Beim dritten Szenario, das auf eine mehrheitliche Zustimmung der Zuhörer stieß, geht es um die Stärkung und den Ausbau eigener Werte. Folgende Entwicklungsziele wurden dabei mit den besonderen Schwerpunkten von Jugendlichen, Senioren und der Landwirtschaft herausgearbeitet: die Erhaltung und Weiterentwicklung der Kulturlandschaft und der einzelnen Ortsteile, individuelles Wohnen, lokales Wirtschaften und Mobilität für die Zukunft. Auch „der Lebenswert 2025“ unter Berücksichtigung der demografischen Entwicklung und dem Vermeiden „einer Schlafstadt“ sowie das Erarbeiten einer Baufibel spielten bei dem Konzept eine wichtige Rolle.
Im Kleinen hat Finsterwalder seinen Traum von einem Wunschdorf in Landlmühle bei Rosenheim auf 10000 Quadratmetern bereits verwirklicht. Dort erfreuen sich die Bürger am Erhalt alter Häuser, einer bodenständigen Gastronomie sowie einer Kletterhalle neben einer Metzgerei.

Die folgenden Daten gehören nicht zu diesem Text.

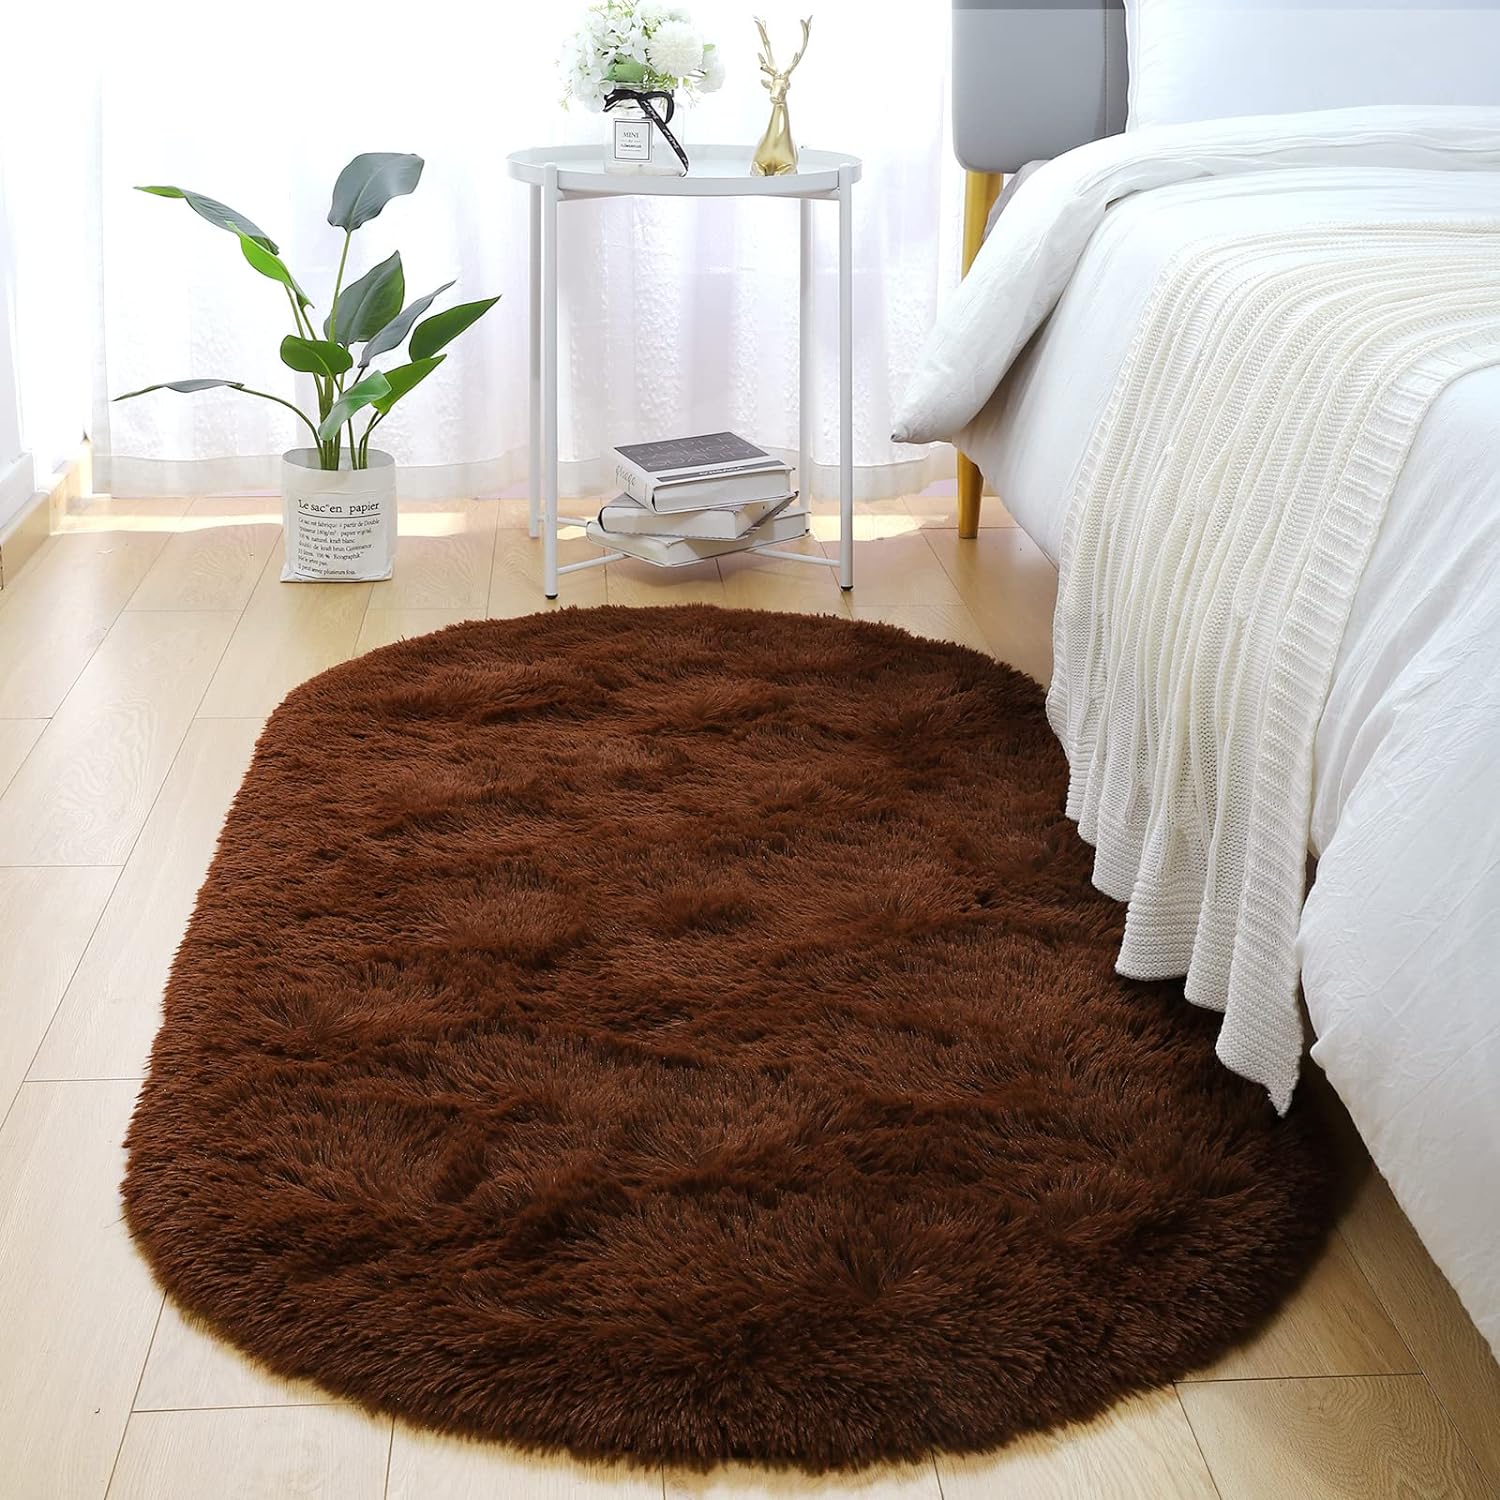 Merelax Soft Shaggy Rug for Kids Bedroom Oval 2.6'x5.3' Brown Plush Fluffy Carpet for Living Room, Furry Carpet for Teen Girls Room, Anti-Skid Fuzzy Comfy Rug for Nursery Decor Cute Baby Play Mat

AK-Sprecher Steinert verschwieg nicht die Schwierigkeit der Umsetzung solcher Konzepte. Immerhin habe die Gemeinde die Planungshoheit für die künftige Entwicklung und sei insofern in einer besseren Situation. Man sollte aber bedenken, dass sich Übersee schnell von 5000 auf 8000 Bürger vergrößern könnte, wenn die neuen Baugebiete nach den vorläufigen Überlegungen realisiert werden. „Wollen wir das ?“, fragte Steinert. Seiner Meinung geht es bei der Zukunftsentwicklung entsprechend den Bürgerwünschen weniger um das zweckmäßige Bauen mit städteähnlichem Charakter, als vielmehr um den Schutz des Vorhandenen, beispielsweise Seeufer und Bahnhof, um das Kleinteilige und Einfache. Zu klären wären bei diesem „anderen Konzept“ laut Steinert die demografische Entwicklung, das Wohnen von Alten, Jugendlichen und Familien, die ärztliche Versorgung, die Themen Schule, Kindergarten und Kirche, die Bildung, Arbeit und Gewerbe, Freizeit und Erholung sowie die Fragen des Verkehrs mit Fuß- und Radwegen, ÖPNV, Pendlern und Verkehrsverbünden.
Einfache Lösung: „Miteinander reden“
Da alle Anwesenden von dieser umfassenden Zukunftsvision angetan waren, blieb nur die Frage „Wie kommt so ein positiver Prozess in Gang?“ Die einfache Antwort der Stephanskirchener Gäste: „Man muss miteinander reden.“ Dazu brauche es neben einem Ortsplaner auch einen Moderator.